В тот же день дядюшка принес нам фотографию, подписанную императором, который, вручая ее, сказал: «Передай ее детям».
Позднее, тем же летом мы потеряли нашего любимого отца. Мы только что переехали на дачу под Петербургом, и нам сообщили, что наш дорогой папа скончался. На одном из погребальных богослужений к нам подошел император Александр II и произнес: «Бедные дети!» Он также поговорил с нашей бабушкой, которая была уже очень стара и частично парализована, называя ее «бедная Варенька», как это она вспоминает в своем дневнике.
Император пообещал быть нашим наставником. У моего отца было крупное состояние, требовавшее больших хлопот в управлении и присмотре. После похорон мы стали жить у его сестры, нашей тети[2], в Висбадене, и наша бабушка поехала с нами. В то время Висбаден был чем-то вроде Монте-Карло и являлся местом встреч всех интеллектуалов Европы.
У тети была слабоумная дочь, весьма злобно настроенная. Она постоянно щипала нас и чего только не устраивала, но нам не разрешалось жаловаться. Она была всегда права, а мы – всегда не правы.

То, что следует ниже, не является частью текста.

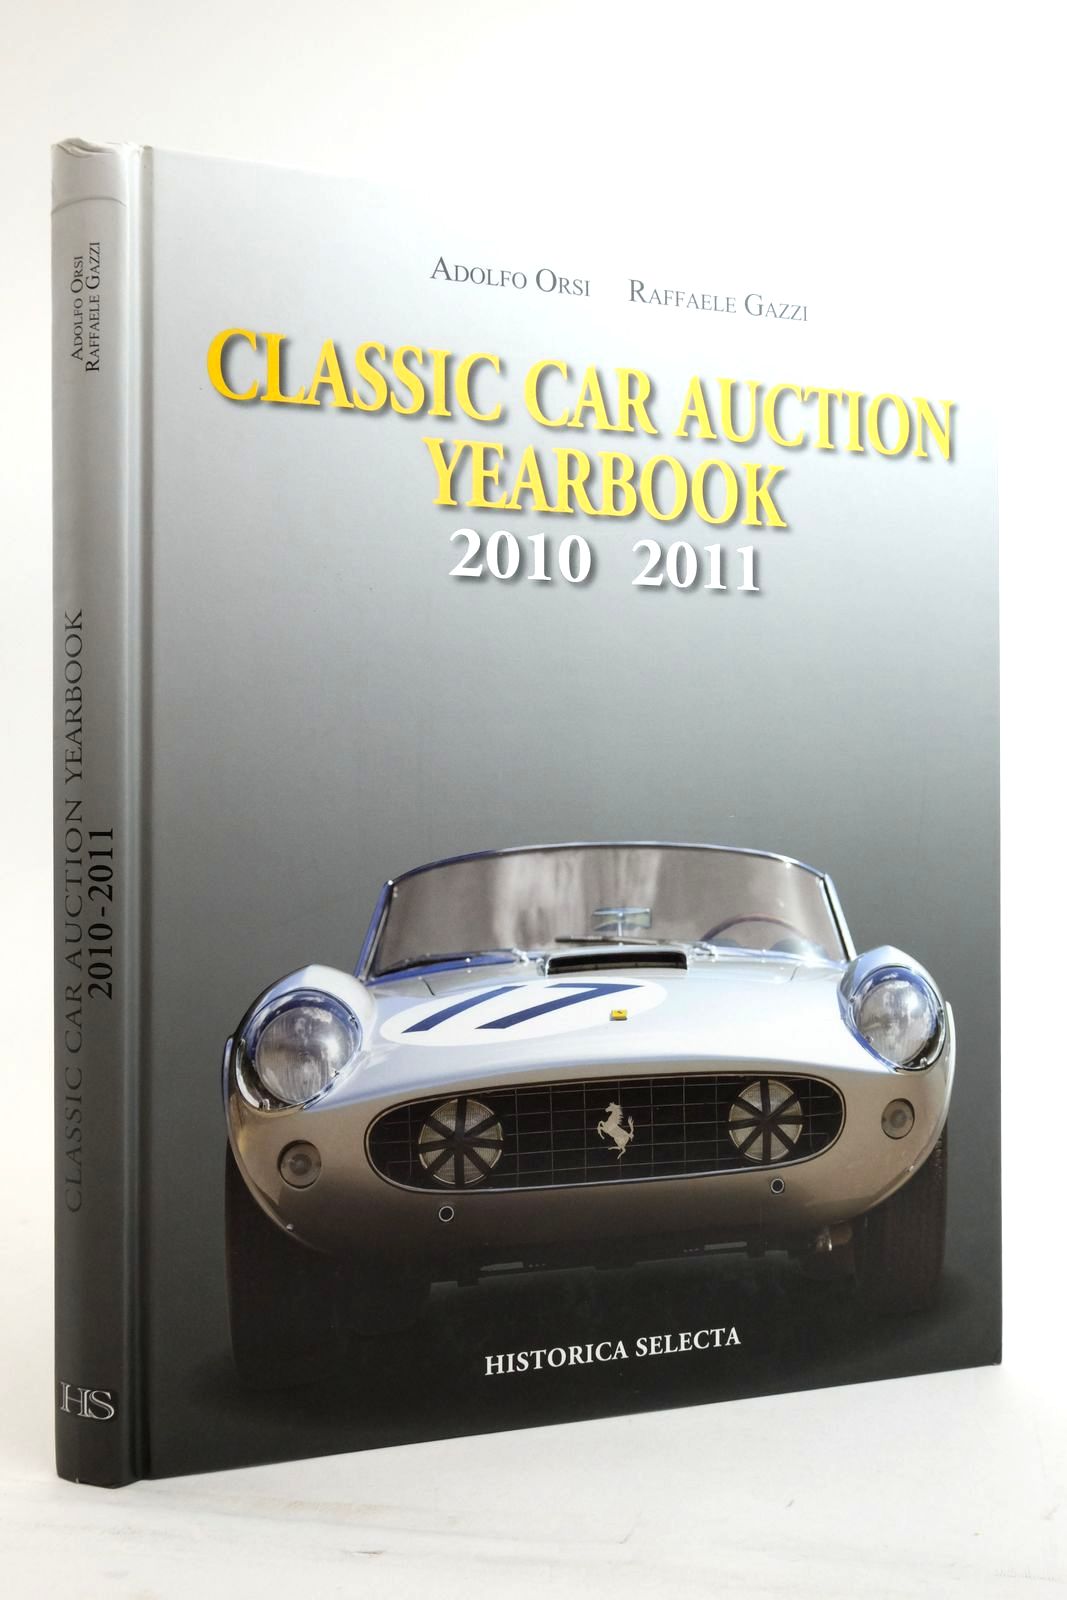 Photo of CLASSIC CAR AUCTION YEARBOOK 2010-2011 written by Orsi, Adolfo Gazzi, Raffaele published by Historica Selecta (STOCK CODE: 2136568)  for sale by Stella & Rose's Books

Помню, как княгиня Суворова (ее прозвище было «итальянская Лиза»)[3] проиграла в карты огромное состояние, и чуть не разразился скандал. Моя бабушка была взбешена. Помню, как бабушка, привыкшая к тому, что ей потакают всю жизнь, как-то отказалась от хлеба, который ей принесли. Она вызвала пекаря и заявила (чтобы напугать его): «Не забывай, что я из рода Петра Великого. Моя мать – урожденная Нарышкина, и мать Петра Великого тоже была Нарышкиной. Если б ты принес ему такой хлеб, он бы избил тебя!» Пекарь испугался до дрожи в коленках, и для нее был испечен специальный каравай. Я упоминаю это как необычный пример особенностей старческого возраста, описанный моей бабушкой в ее дневнике.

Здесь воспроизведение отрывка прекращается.